Таким образом, зарождается и крепнет идея национального призвания. Национальный мессианизм, помимо всяческого определенного содержания, в него влагаемого, есть прежде всего чисто формальная категория, в которую неизбежно отливается национальное самосознание, любовь к своему народу и вера в него. Содержание это вместе со славянофилами можно видеть в церковно-религиозной миссии – в явлении миру «русского Христа», можно вместе с Герценом и народничеством видеть его в социалистических наклонностях народа, можно, наконец, вместе с революционерами последних лет видеть его в особенной «апокалиптической» русской революционности, благодаря которой мы совершим социальную революцию вперед Европы, – эти противоположные или различные содержания имеют формальное сходство, суть разные выражения национальной миссии. И этот мессианизм появляется во все эпохи и у всех народов в пору их национального подъема; это общая форма сознания национальной индивидуальности.

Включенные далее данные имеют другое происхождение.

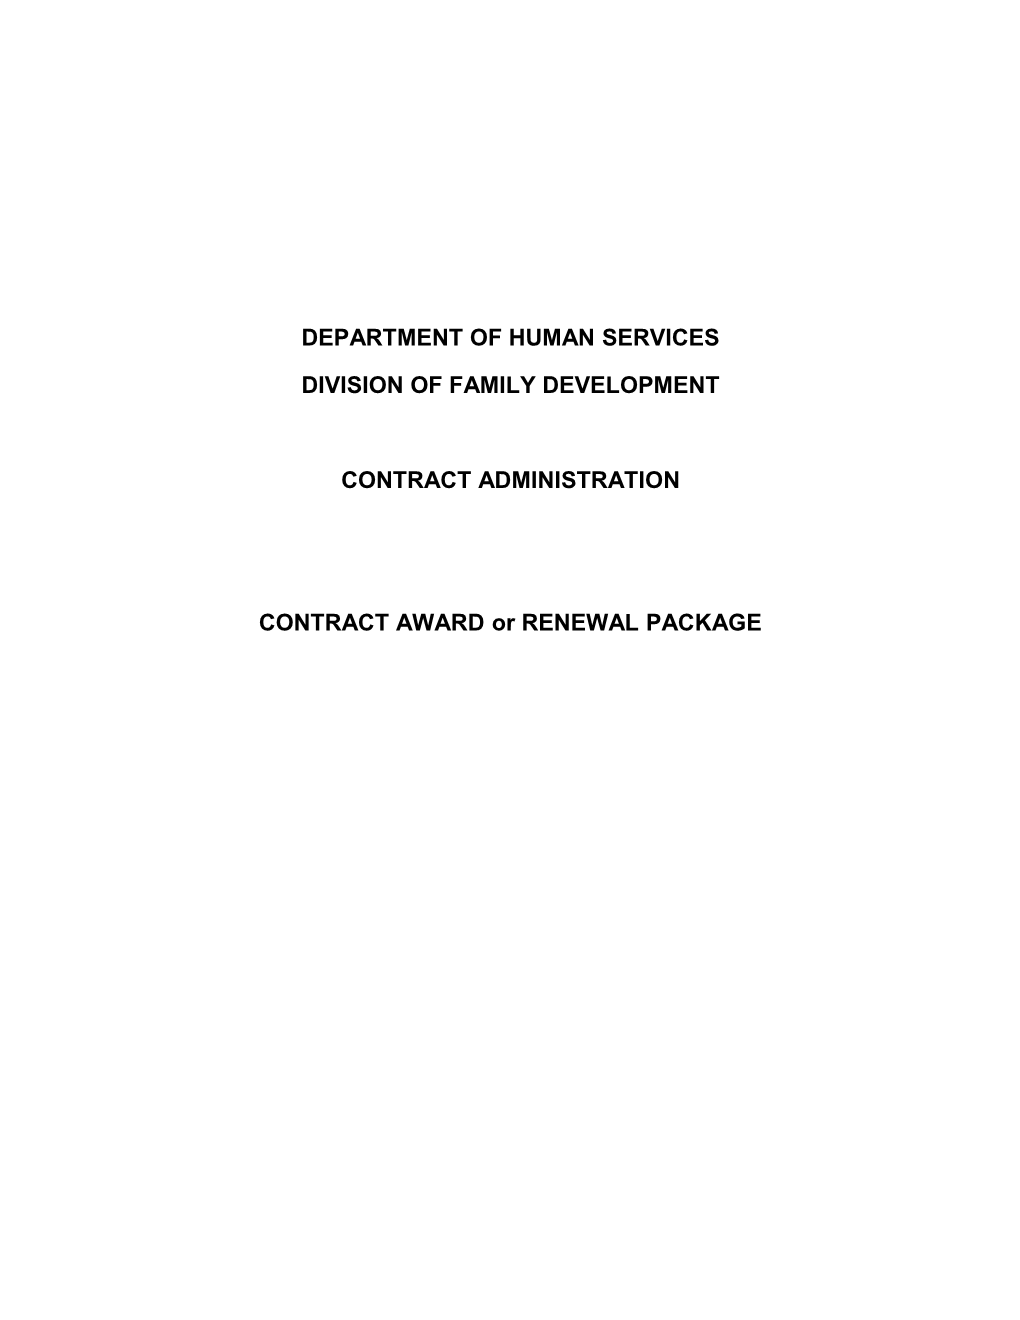 Department of Human Services s5

Национальный дух стихийно выражается в разных сторонах национального творчества, но не отверждается ни в какой из них в особенности, как на это справедливо указывается. Но совершенно ошибочно, однако, отсюда делается иногда еще дальнейшее заключение, что и не должно стремиться к его осознанию. Стремление найти логос национального чувства, понять и привести к возможной отчетливости идеал национального призвания неистребимо коренится в самом этом чувстве, которое, как и всякое глубокое чувство, не довольствуется инстинктивным самосознанием, но ищет своего логоса. Пусть все попытки его определения относительны и изменяются в истории, это нисколько не есть возражение против их правомерности. Работа национального самосознания идет безостановочно вместе с историческим ростом нации, причем в этом своем росте она делает все новые попытки самоопределения. Здесь происходит нечто подобное тому, что мы наблюдаем при росте личного самосознания.

Это самоопределение бывает органически связано со всем религиозно-философским мировоззрением и представляет собой одно из его частных приложений. Поэтому при общем различии мировоззрений, обусловливающем разность восприятия и оценок, никоим образом не может получиться одинаковая национальная идеология. Так, например, у религиозного мыслителя типа Соловьева, Хомякова, Достоевского, конечно, не может быть одинаковой философии русской истории как у рационалистического, безрелигиозного интеллигента, и то, что для одного представляется пережитой аберрацией ума, для другого как раз явится наиболее ценным. Поэтому при всей стихийности национального чувства едва ли может быть одинаковая философия нации, но в то же время едва ли можно только поэтому воздерживаться от такой философии.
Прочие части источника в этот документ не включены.